Also, sorry if I have not properly addressed the memory bug, the best I can do is guess because I cannot get memcheck to work on my distro as I get an annoying bug when testing the memory of any component of libjade.

Long annoying bug probably of no interest to you, just to demonstrate I am kind of shooting in the dark

  ==29133== Memcheck, a memory error detector
  ==29133== Copyright (C) 2002-2022, and GNU GPL'd, by Julian Seward et al.
  ==29133== Using Valgrind-3.22.0 and LibVEX; rerun with -h for copyright info
  ==29133== Command: ./bin/crypto_kem/xwing/amd64/ref/memory
  ==29133== Parent PID: 29132
  ==29133== 
  
  valgrind:  Fatal error at startup: a function redirection
  valgrind:  which is mandatory for this platform-tool combination
  valgrind:  cannot be set up.  Details of the redirection are:
  valgrind:  
  valgrind:  A must-be-redirected function
  valgrind:  whose name matches the pattern:      strlen
  valgrind:  in an object with soname matching:   ld-linux-x86-64.so.2
  valgrind:  was not found whilst processing
  valgrind:  symbols from the object with soname: ld-linux-x86-64.so.2
  valgrind:  
  valgrind:  Possible fixes: (1, short term): install glibc's debuginfo
  valgrind:  package on this machine.  (2, longer term): ask the packagers
  valgrind:  for your Linux distribution to please in future ship a non-
  valgrind:  stripped ld.so (or whatever the dynamic linker .so is called)
  valgrind:  that exports the above-named function using the standard
  valgrind:  calling conventions for this platform.  The package you need
  valgrind:  to install for fix (1) is called
  valgrind:  
  valgrind:    On Debian, Ubuntu:                 libc6-dbg
  valgrind:    On SuSE, openSuSE, Fedora, RHEL:   glibc-debuginfo
  valgrind:  
  valgrind:  Note that if you are debugging a 32 bit process on a
  valgrind:  64 bit system, you will need a corresponding 32 bit debuginfo
  valgrind:  package (e.g. libc6-dbg:i386).
  valgrind:  
  valgrind:  Cannot continue -- exiting now.  Sorry.

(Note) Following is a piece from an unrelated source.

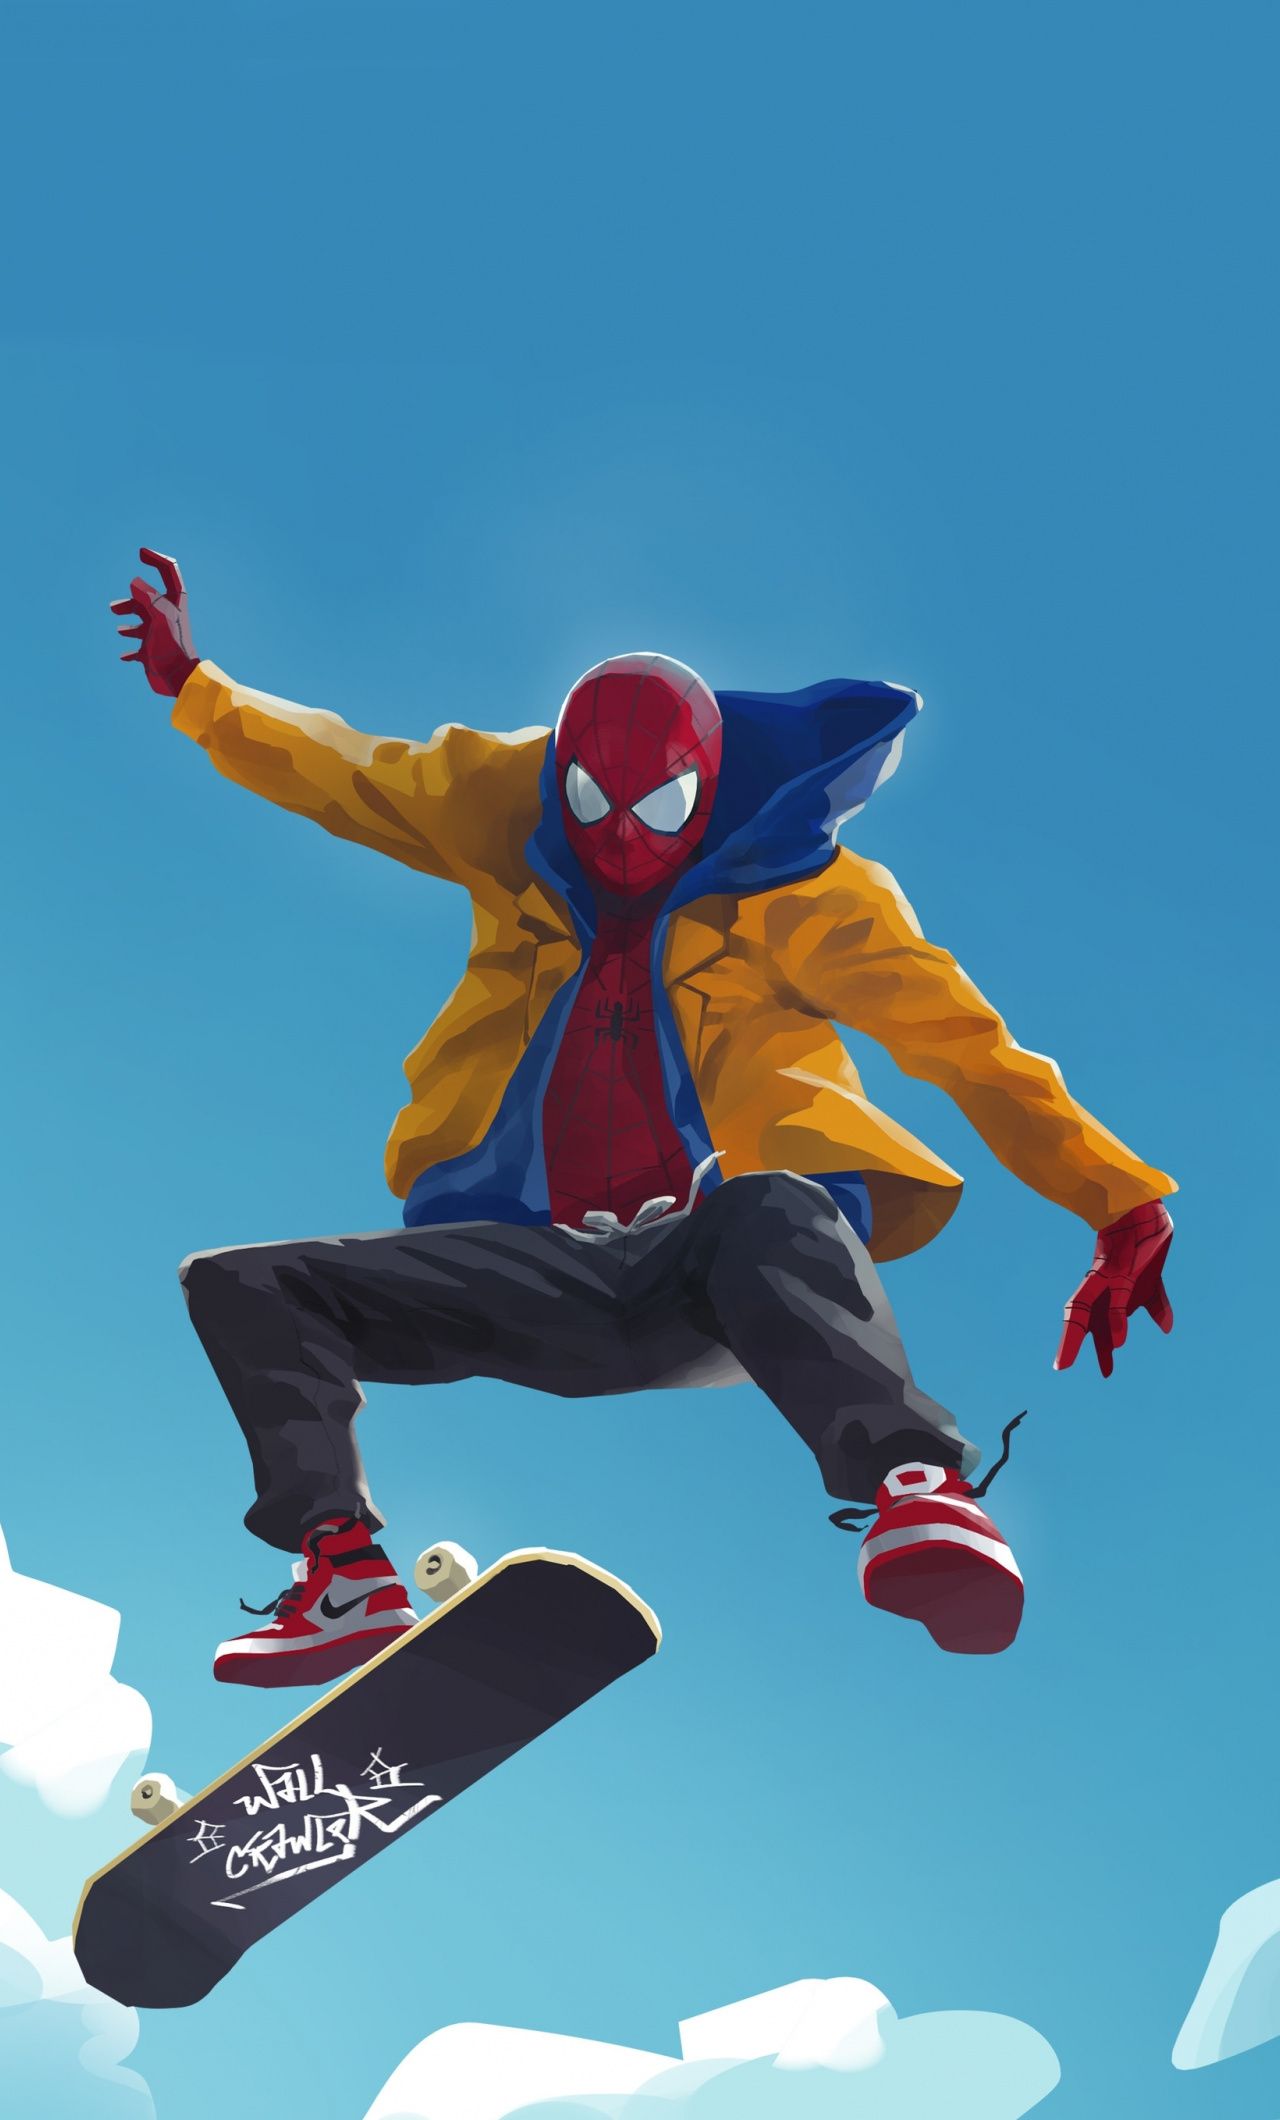 A spiderman character is flying through the air on his skateboard - Skate
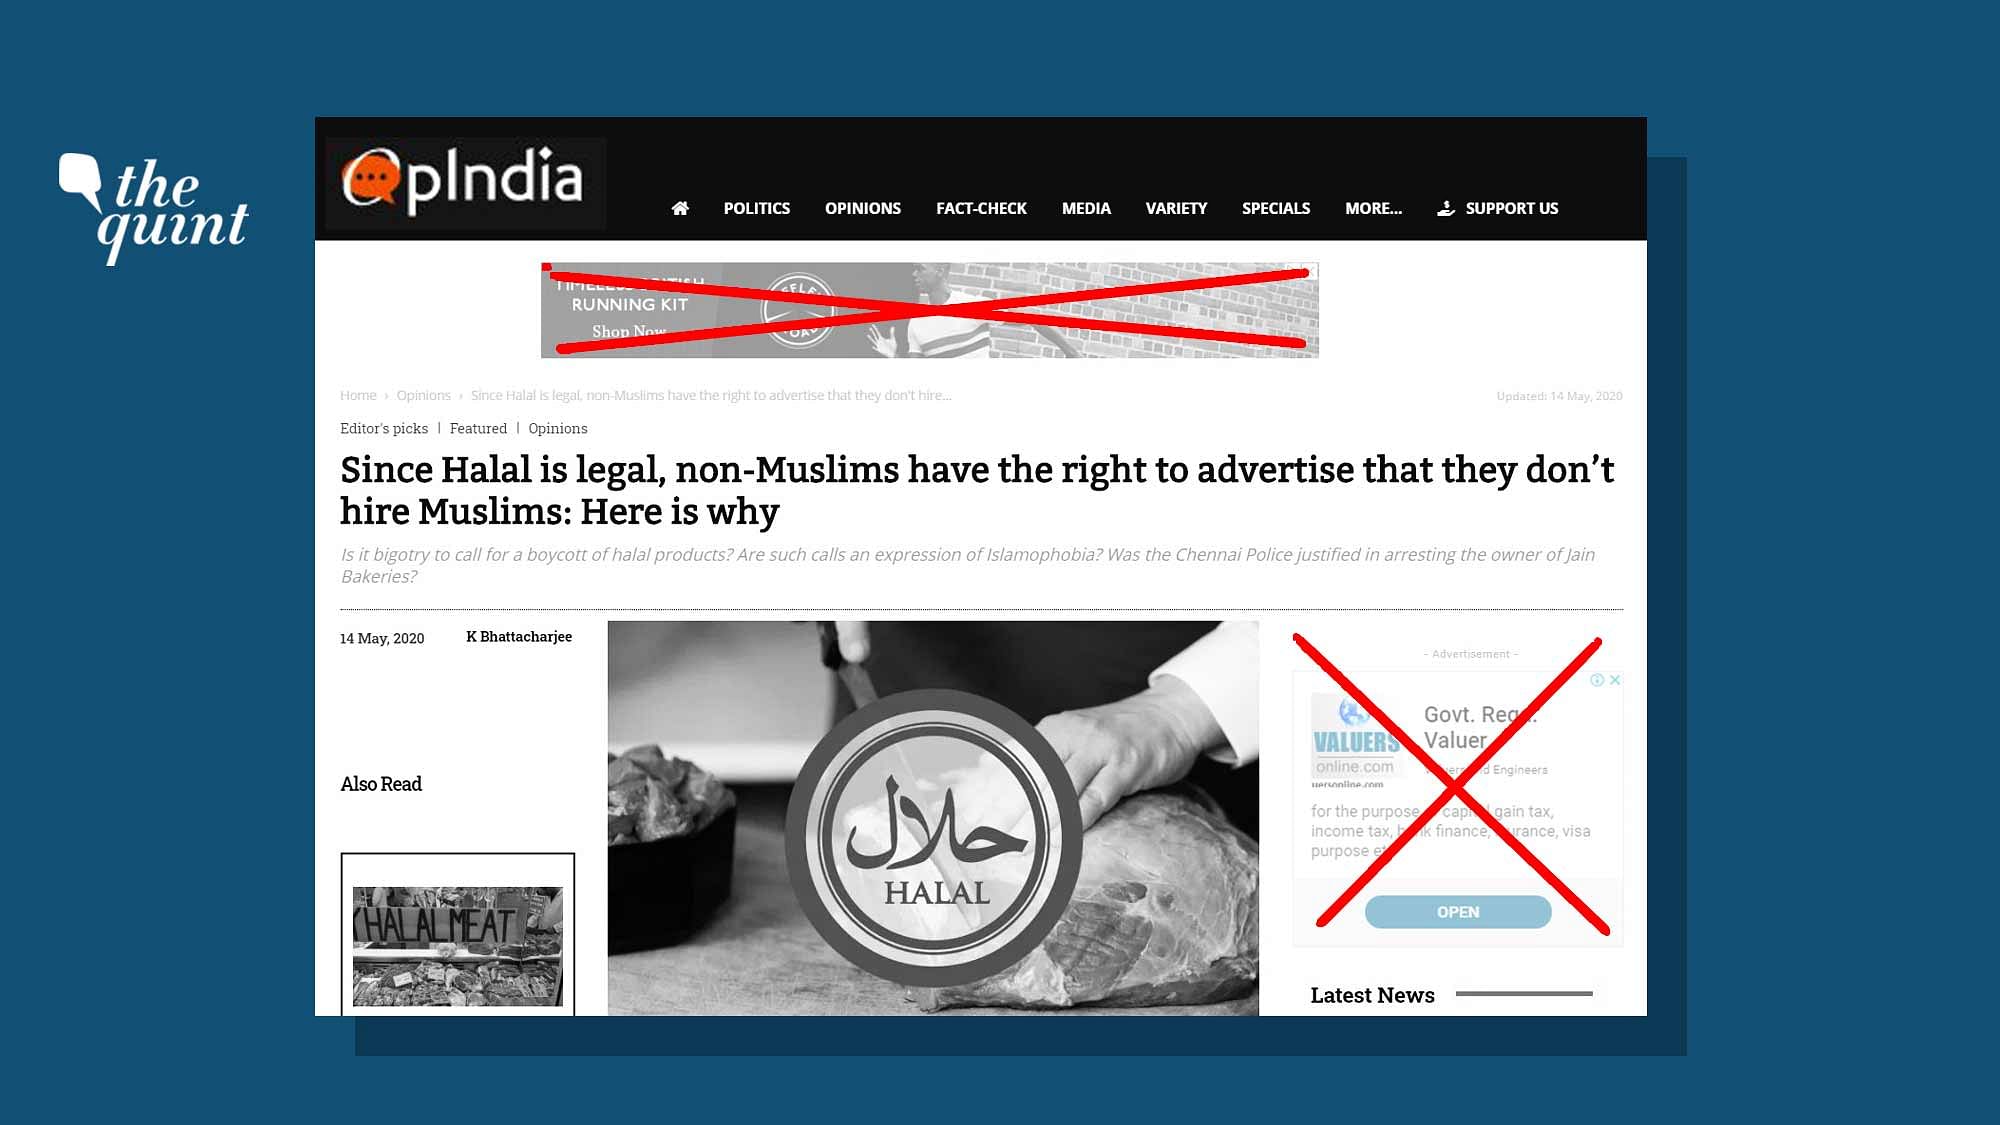 In case of OpIndia, two advertisers – Kiddylicious and LiveWorx – have said that they are pulling down their ads.

tfaoliveira · 2024-02-20T11:51:21Z

Hi, thanks for pushing.

My current view:

$ make distclean CI=1; make CI=1 FILTER=../src/crypto_kem/xwing/%; make CI=1 FILTER=../src/crypto_kem/xwing/% reporter

Execution status - checksumsmall: 
ERROR, 2, crypto_kem/xwing/amd64/avx2/.ci/checksumsmall.out.error
ERROR, 2, crypto_kem/xwing/amd64/ref/.ci/checksumsmall.out.error
Execution status - checksumbig: 
ERROR, 2, crypto_kem/xwing/amd64/avx2/.ci/checksumbig.out.error
ERROR, 2, crypto_kem/xwing/amd64/ref/.ci/checksumbig.out.error
Execution status - printparams: 
OK, 0, crypto_kem/xwing/amd64/avx2/.ci/printparams.out.log
OK, 0, crypto_kem/xwing/amd64/ref/.ci/printparams.out.log
Execution status - functest: 
OK, 0, crypto_kem/xwing/amd64/avx2/.ci/functest.out.log
OK, 0, crypto_kem/xwing/amd64/ref/.ci/functest.out.log
Execution status - safetyparams: 
OK, 0, crypto_kem/xwing/amd64/avx2/.ci/safetyparams.out.log
OK, 0, crypto_kem/xwing/amd64/ref/.ci/safetyparams.out.log
Execution status - memory: 
ERROR, 1, crypto_kem/xwing/amd64/avx2/.ci/memory.out.error
ERROR, 1, crypto_kem/xwing/amd64/ref/.ci/memory.out.error

Next (I see that there are unused variables warnings, it would be nice to fixe those):

$ make CI=1 distclean; make JFLAGS=-g bin/crypto_kem/xwing/amd64/ref/checksumsmall.stdout
(...)
jade_kem_keypair - secret_key writes after output

$ make CI=1 distclean; make JFLAGS=-g bin/crypto_kem/xwing/amd64/ref/memory.out
$ cat bin/crypto_kem/xwing/amd64/ref/memory.out | grep "at 0x" | grep "jinc" | cut -d'?' -f4 | sort -u
(kem.jinc:31)
$ mv bin/crypto_kem/xwing/amd64/ref/memory.out bin/crypto_kem/xwing/amd64/ref/memory.txt # to attach here

Looking at line 31 from the corresponding file:

    for i=0 to X25519_PUBLICKEYBYTES {
        [skp + i] = [pkp + i];
    }

This might be missing a couple of (u8): (u8)[skp + i] = (u8)[pkp + i]; Please check the remaining code for this type of issue. Note: I usually prefer to use a temporary register to perform such copies, but we can check for this later in the review. Thanks

Note 2, until 4th of March I'm mostly offline as I'm on holiday, but I will drop by now and then

The valgrind output:
memory.txt

JoaoDiogoDuarte · 2024-02-20T13:33:22Z

Hi, thanks for the really helpful feedback and for the valgrind output! I've fixed that loop you mentioned and with a bit of embarrassment, I admit that I actually had the wrong value for the size of the ciphertext.......that is why the checksum was failing........................................I've fixed that.... (#dumbdumbtime).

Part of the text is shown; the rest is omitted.